The King himself! My grandfather always said that his impression was that he looked "just as he did on a penny".

I think, though, that my baby grandpa's affections really lay with the Prince of Wales. Something about the postscript to this is exquisite in its adoration:

"This morning we all went over to the stadium and practised for the march past and got back in time for lunch. This afternoon, we march past HRH the Prince of Wales as Chief Scout of Wales. In the middle of it all down came the rain and we all got wet. After tea we had an enormous meeting round a rather small camp fire. The different contingents gave different songs and the night went off very well. We got back to our tent and turned in. P.S. The Prince attended the camp fire."

Did he, indeed.

How much more fun could a boy in 1924 be having? Wait until I tell you about my grandfather's wide-eyed reportage on the employees the Osram Electric Lamp Works!

"It is a tremendous place and only 500 out of 4-5,000 employees are men. "

Heavens alive!

There is so, so much more. Thank you, thank you uncle J.

Monday, September 17, 2007

lolgos

First, a word about yarak. There are lots of lyrical and technical descriptions, but basically, for us hawking laypersons, we can think of it as your basic hawk game face. It is the posture and expression a hawk assumes when it is ON.

Today, Mabel was pretty darn yarakky. Crested head feathers. Penetrating, military gaze. Dropped ultra-ready wings. All I could think of was ...


Photoshop props to Pluvialis, who mercifully loves to make me laugh more than she is sensitive to outrageous mockery of her bird.

Sunday, September 16, 2007

Head of a pin


I had a notably godless childhood.
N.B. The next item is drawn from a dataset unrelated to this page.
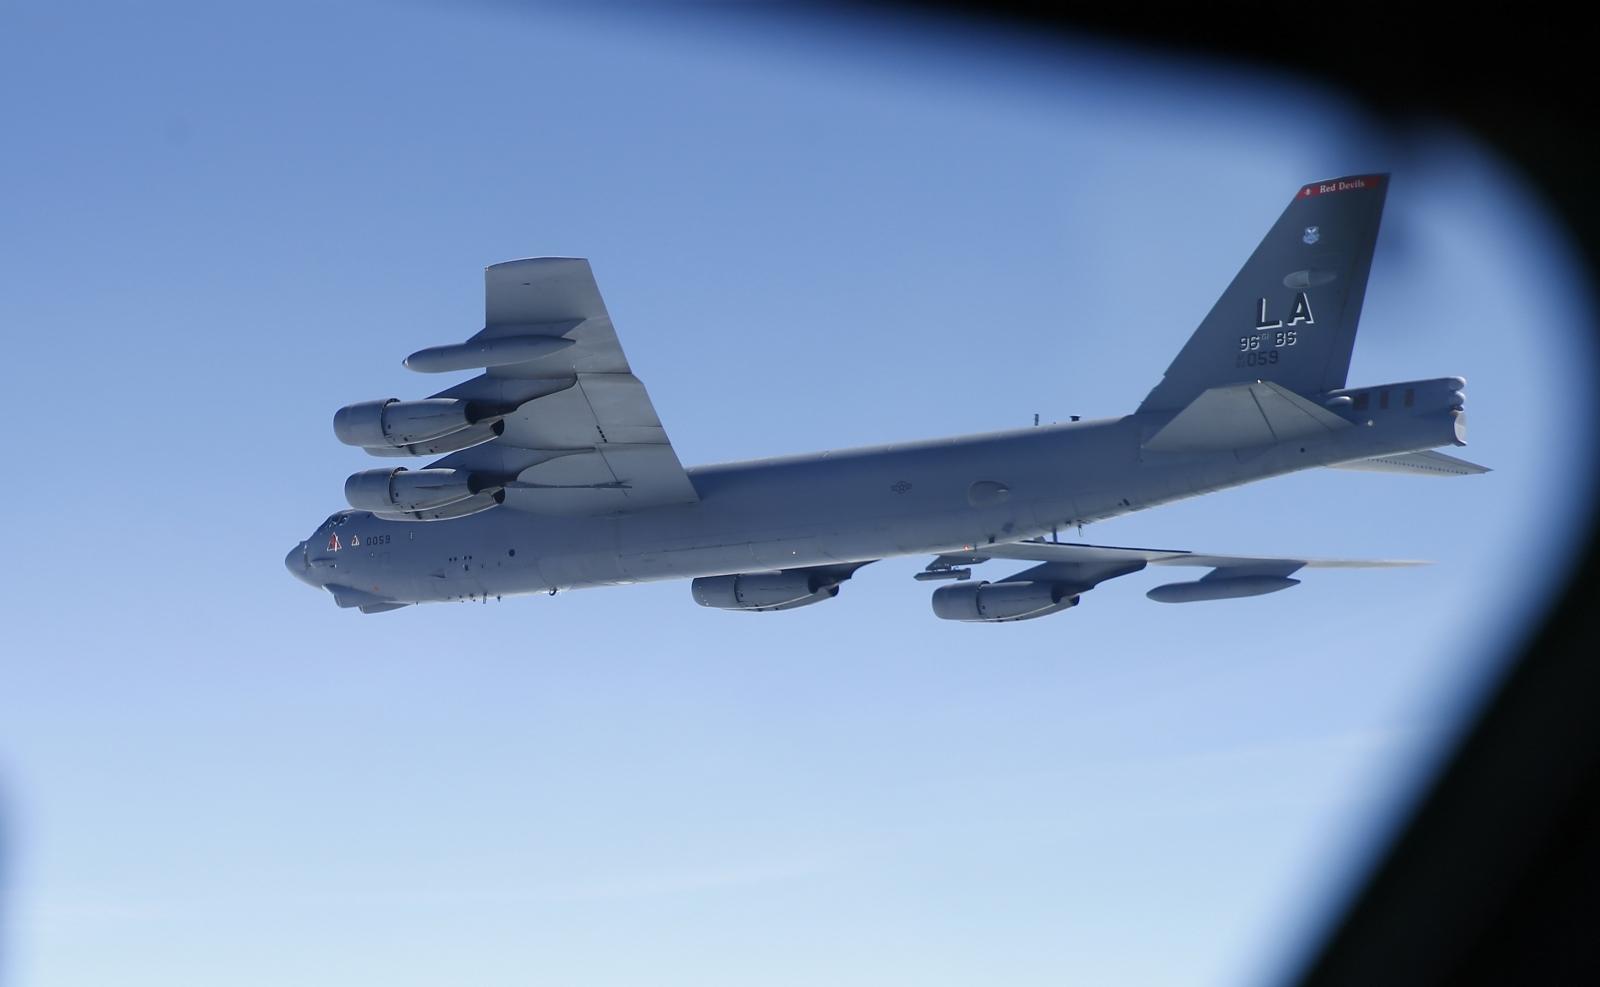 US B-52 Bomber
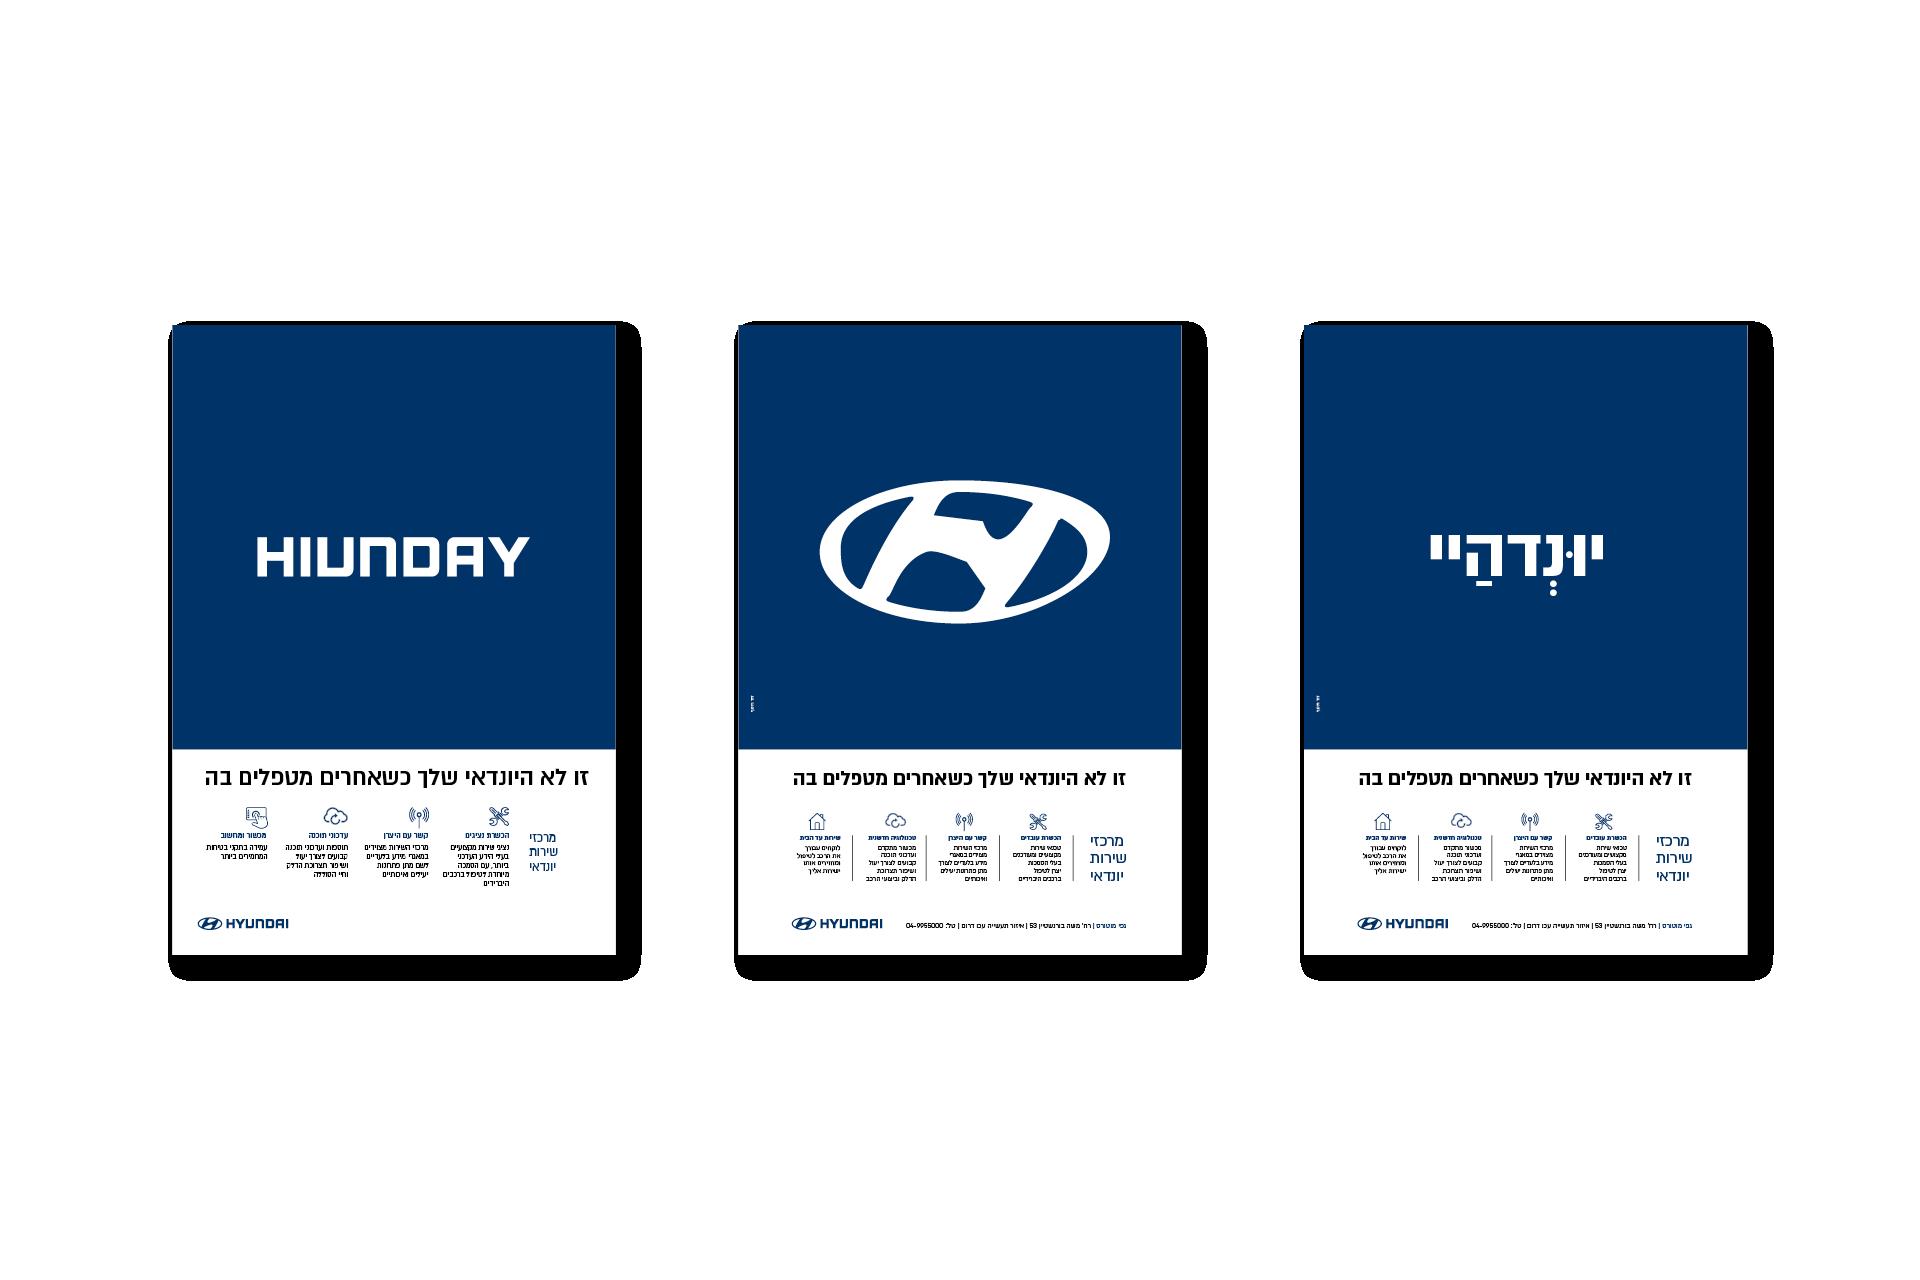 Hyundai campaign posters

Or maybe a God-less one, because although there was barely a frankincense-scented whiff of religion, there were plenty of gods around. My mother's world -- and the top of her dresser -- was a metauniversal jamboree of bhagavats, emblems, archetypes, goddesses and totem animals. Candles and flowers and tiny resin-cast foxes at the feet of a little brass Shiva. A foot-long reclining Buddha loomed over a plastic figurine of the Evil Queen in Snow White. No, really.
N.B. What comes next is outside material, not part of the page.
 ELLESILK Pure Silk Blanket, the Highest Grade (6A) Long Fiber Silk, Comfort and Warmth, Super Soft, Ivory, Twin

And her guardian angel, of course. Bringer of parking spaces and protector against ills we know not of. She didn't live with the others, but all by herself on the bedside table. A tiny conical wooden shape for angel raiment, blue, daintily painted with flowers, with a teeny-tiny wooden head and teeny filagree brass wings and the teeniest-tiniest expression of beatitude ever managed by a 000 brush. Even to my five-year-old hands she was light as a feather and smelled like the drawer my grandfather's handkerchiefs lived in. She had been sitting on mum's bedside table, wherever she went, since long before I was born. I think she was from Mexico.

The angel in the picture, though, is mine. Mum made her for me out of Fimo and two little gold-effect fans and some foil moons and a tiny gold shell for her halo. Mum's thumbprint is on her left sleeve.

She stands next to my pencil-cup and my memo-block with the silver X paperweight on it and my Penguin of Death mug, which holds a Great Bustard feather and a crackly, fractured bit of honesty and a magpie feather and an otherworldly, snow-white puff of goshawk down.

Another little talisman clambake, on the other side of the world.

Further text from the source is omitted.